Magus soltó un leve silbido.

—Lleva aquí un buen fajo de euros.

Preston se incorporó y tomó el sobre.

—Tenemos que actuar deprisa. Estad atentos por si veis a Judd Ryder y a Eva Blake.

La estación de metro Acrópolis estaba en la calle Makrigianni, frente a varios cafés y bares animados y junto al Centro de Interpretación de la Acrópolis. Preston y sus hombres, mirando a todas partes, entraron a toda prisa en la estación, pulcra y moderna, y bajaron corriendo por unas escaleras automáticas. Al pie de las escaleras, pasaron aprisa ante las reproducciones de los frisos del Partenón y se detuvieron ante las máquinas electrónicas de billetes. Dos escaleras mecánicas más abajo, llegaron a la consigna automática.

Mientras se detenía con quejido de frenos un tren del metro, Preston corrió entre las taquillas, mirando alternativamente a los pasajeros que subían al tren y los números de las cabinas, hasta que encontró la que buscaba. Sus hombres acudieron para plantarse uno a cada lado, ocultándolo a la vista, mientras él sacaba la navaja y forzaba rápidamente la alta puerta de la taquilla.

Y miró dentro. No había ninguna mochila negra. Ni estaba el Libro de los Espías. En el fondo estaba la maleta de ruedas de Robin, y en el estante superior, su teléfono móvil… abierto y encendido. Comprendió, enfurecido, que Ryder se había figurado que emplearían el móvil para localizarlos. Ryder tenía el Libro de los Espías y se estaba burlando de él.

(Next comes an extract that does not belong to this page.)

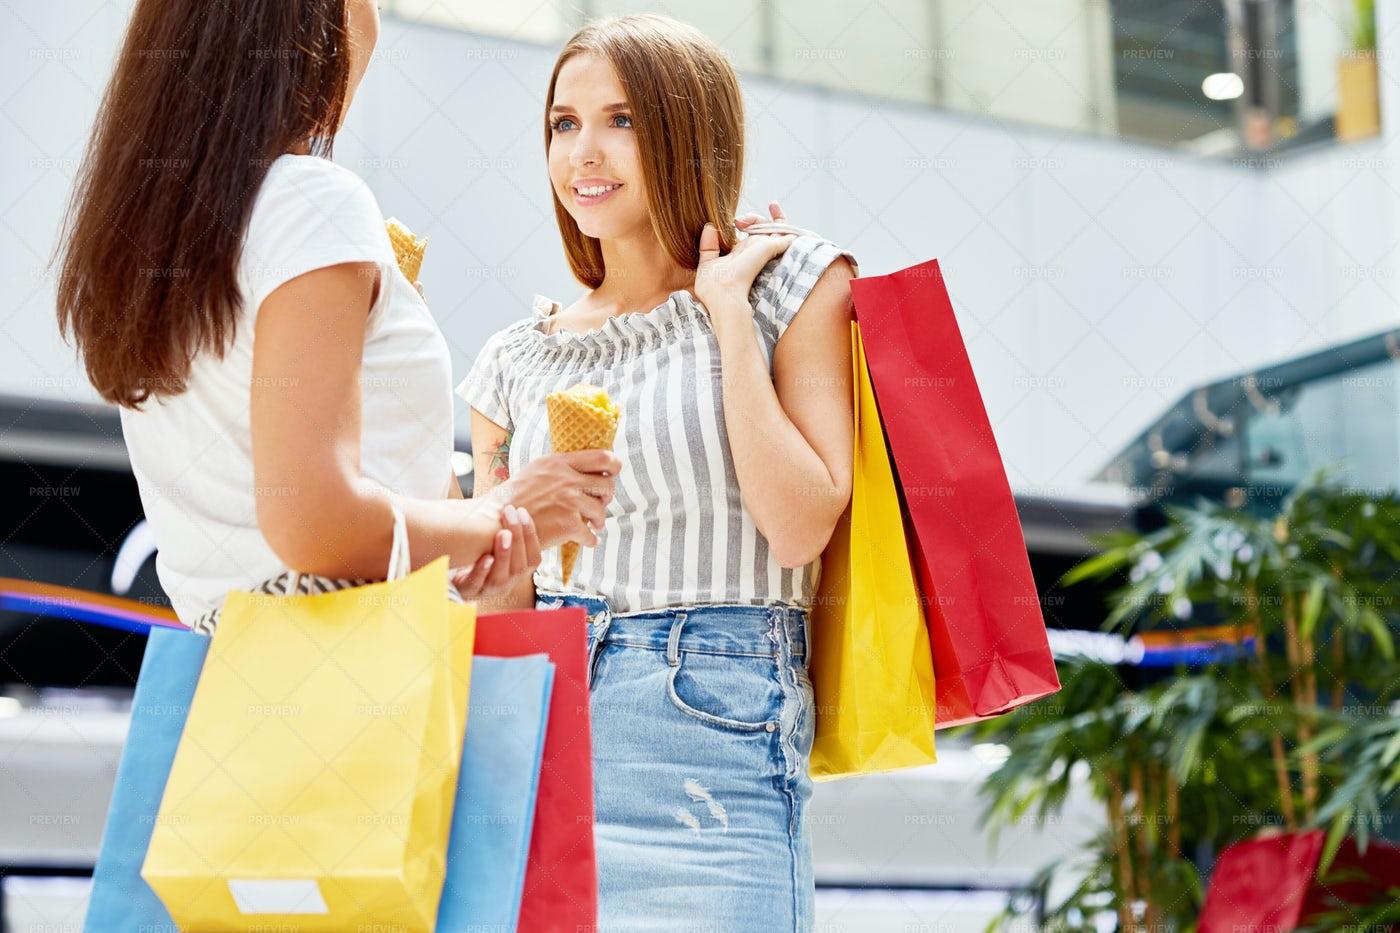 Beautiful Women Shopping In Mall: Stock Photos

Preston se apoderó del teléfono, cerró la taquilla de un portazo y se volvió. Sonó un timbre que anunciaba que se iban a cerrar las puertas del tren.

—Corred —ordenó.

Sus hombres y él se dirigieron corriendo a puertas distintas del tren. Como estaban bajo tierra, no podía llamar por teléfono a los demás hombres que había hecho venir a Atenas para ordenarles que vigilaran las estaciones de metro siguientes de la línea. Cuando el tren arrancó, observó que en el vagón en que iba estaban ocupados poco más de la mitad de los asientos. Caminó rápidamente por el pasillo, pero no vio a Ryder ni a Blake. Vio dos mochilas; una era marrón, y la otra, verde.

Revisó el teléfono de Robin, con la esperanza de que contuviera el número de Judd Ryder. Y soltó una maldición. Ryder lo había limpiado. Sintiendo palpitaciones de ira, pasó por la puerta y entró en el vagón siguiente, dispuesto a encontrarlos.